Un detto talmudico afferma che “hakol bydeh Shamayim chutz meyirat Shamayim / tutto è nelle mani di Dio, tranne il timore di Dio”. Cosa vuol dirci questo insegnamento? Con questa espressione i maestri sottolineano che, sebbene Dio controlli tutto ciò che accade nell’universo, c’è un ambito che ha scelto di non controllare, il nostro libero arbitrio. Noi, e solo noi, decidiamo se agire correttamente o impropriamente. Dio non ci costringe a scegliere il bene sul male o viceversa. Lascia questa decisione completamente sotto il nostro controllo.
Il Ben Ish Chay (Rav Yosef Chayym di Baghdad, 1833-1909), solleva la questione di come conciliare questo principio fondamentale, con altre fonti che indicano che Dio può indurci al pentimento. Infatti, in un contesto diverso, nel Talmud si afferma che opporsi allo “Yetzer Hara / l’inclinazione al male” e compiere la Teshuva (il processo di ritorno sulla via del Signore), sarebbe impossibile senza l’aiuto di Dio. Tanto è vero che, ogni giorno, recitiamo nella preghiera Amidah “hashivenu Avinu letoratekha / facci tornare o Padre nostro alla Tua Torah”, la richiesta a Dio che ci riporti all’osservanza religiosa.
Come possiamo dunque recitare una preghiera del genere, se Dio non interferisce con il nostro libero arbitrio e solo noi decidiamo se smettere di trasgredire e tornare ad agire correttamente?
Il Ben Ish Chay risponde a questa domanda differenziando due diverse fasi nel processo di pentimento: 1. il pensiero iniziale; 2. l’azione successiva.
La via verso il pentimento inizia con un moto del cuore, con l’idea – nella mente – di dover migliorare. Ma questo è solo l’inizio. Dopo essere giunti a questa consapevolezza, bisogna poi impegnarsi a fondo per cambiare nell’ azione e pregare quindi per il perdono.
Il Ben Ish Chay spiega che Dio “interferisce” con il nostro libero arbitrio, solo con l’inserimento nella nostra mente dell’idea del pentimento. Questi pensieri propositivi, insieme ai sentimenti di delusione verso noi stessi per gli errori commessi, che solo occasionalmente proviamo, sono un vero e proprio dono divino. Ma il resto dipende da noi.
Dio ci indica una via nelle nostre menti, ma solo noi possiamo decidere di imboccarla.
E così, quando chiediamo a Dio di riportarci al pentimento con la benedizione di “hashivenu Avinu letoratekha / facci tornare o Padre nostro alla Tua Torah”, facciamo richiesta di un impulso, di una ispirazione iniziale.

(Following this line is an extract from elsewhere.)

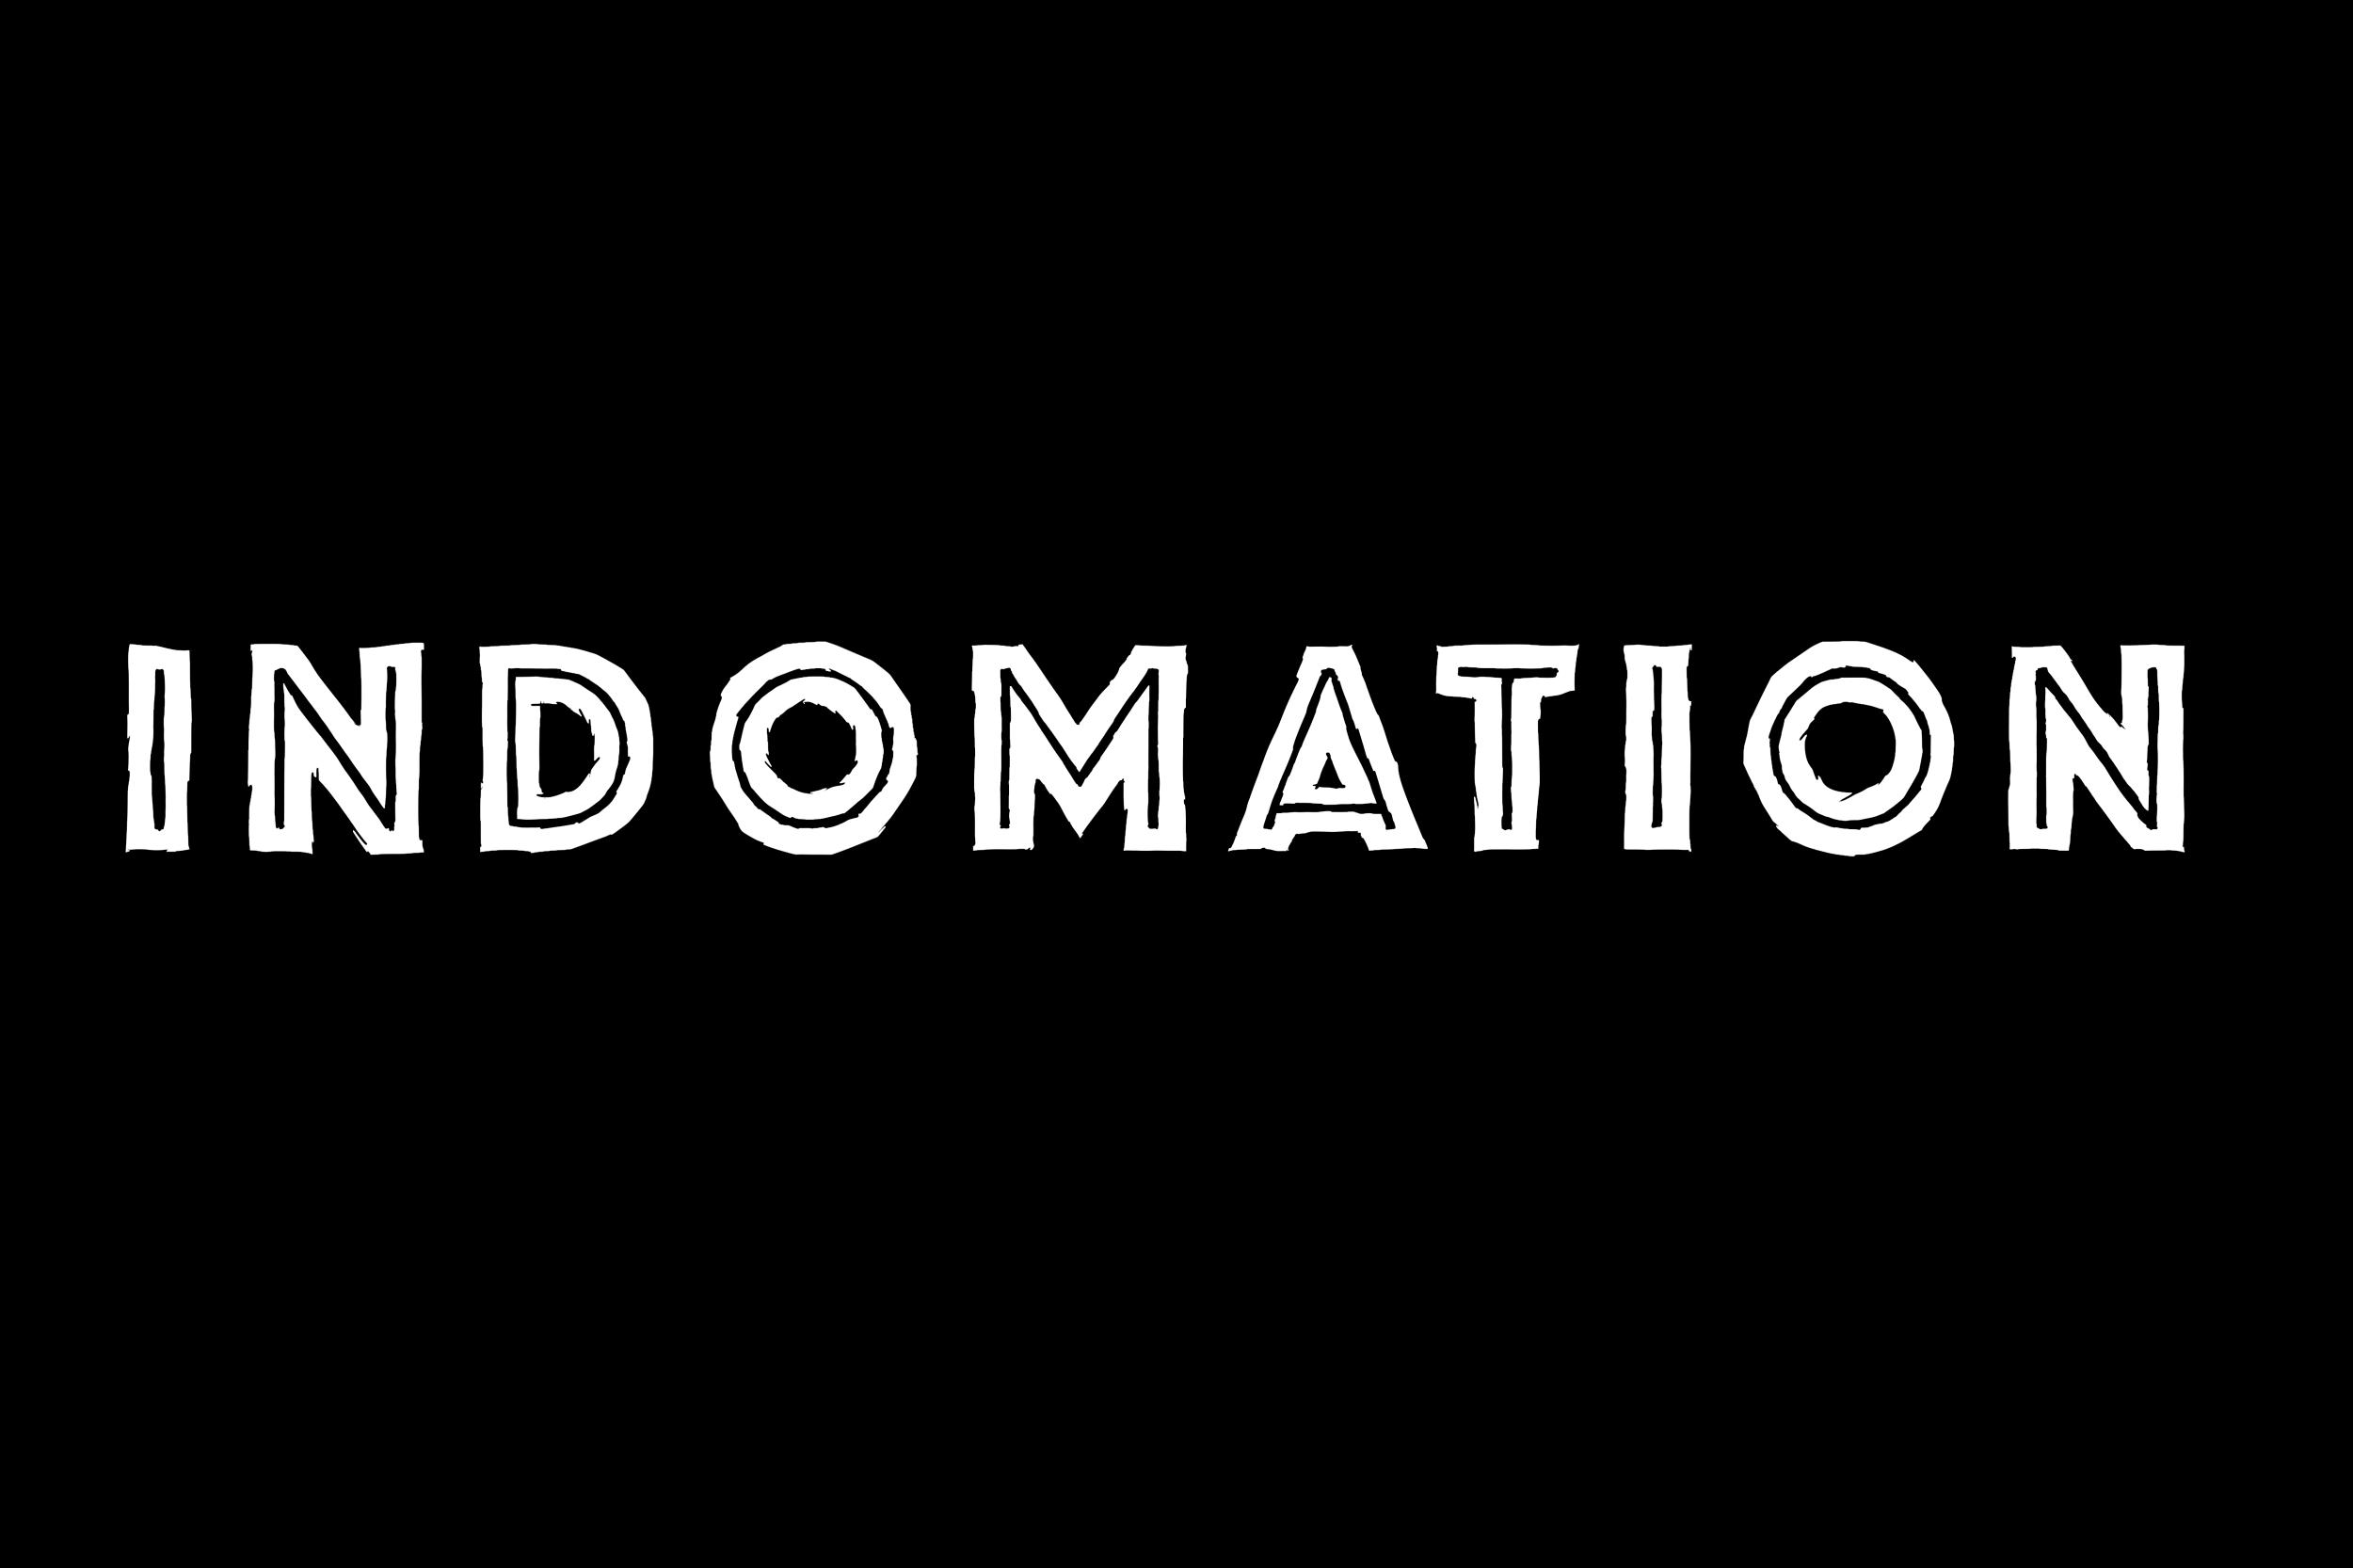 INDOMATION logo.png

Invochiamo da Dio il dono di quei sentimenti iniziali, il desiderio di pentirci, consapevoli che il resto del processo dipende esclusivamente da noi.
Queste due fasi si riflettono nelle due fasi degli Aseret yemè teshuva / i dieci giorni del pentimento. Nei primi due giorni, la festa di Rosh Hashanah – il capodanno ebraico -, nelle preghiere che abbiamo recitato non menzioniamo nulla riguardo al pentimento e al perdono. Le preghiere di Rosh Hashanah si concentrano sul tema della regalità di Dio e sul fatto che Egli giudichi la terra, speriamo secondo misericordia. Rosh Hashanah è pertanto il momento in cui sviluppiamo il dono dei pensieri di pentimento, nella contemplazione di Dio quale creatore e guida dell’universo.
A questo allude la parola “Rosh”, che significa “capo”, per indicare che questo è il momento in cui sviluppiamo pensieri e sentimenti di pentimento.
Il resto di questo periodo, i restanti otto giorni di cui l’ottavo è Yom Kippur, il giorno dell’espiazione, è il momento in cui dobbiamo tradurre questi pensieri in una azione pratica, soprattutto nel pregare per il perdono e nel proporre un serio programma di lavoro per migliorarci durante l’anno appena iniziato. Il pentimento sincero richiede un duro lavoro, ma anche preghiera, affinché Dio ci ispiri a migliorare, così da poter poi impegnarci per apportare i cambiamenti necessari. Questo percorso si può attuare durante tutto l’anno, ma questi dieci giorni iniziati martedì scorso, sono i più favorevoli. Come parte dei nostri sforzi, dobbiamo implorare il Creatore di fare la Sua parte, di scuotere i nostri cuori e di darci l’ispirazione di cui abbiamo bisogno, per compiere una Teshuvah Shelemah, quel ritorno completo che farà di noi delle persone migliori che contribuiranno, ognuno nel proprio ruolo, alla restaurazione del mondo, Shabbat Shalom!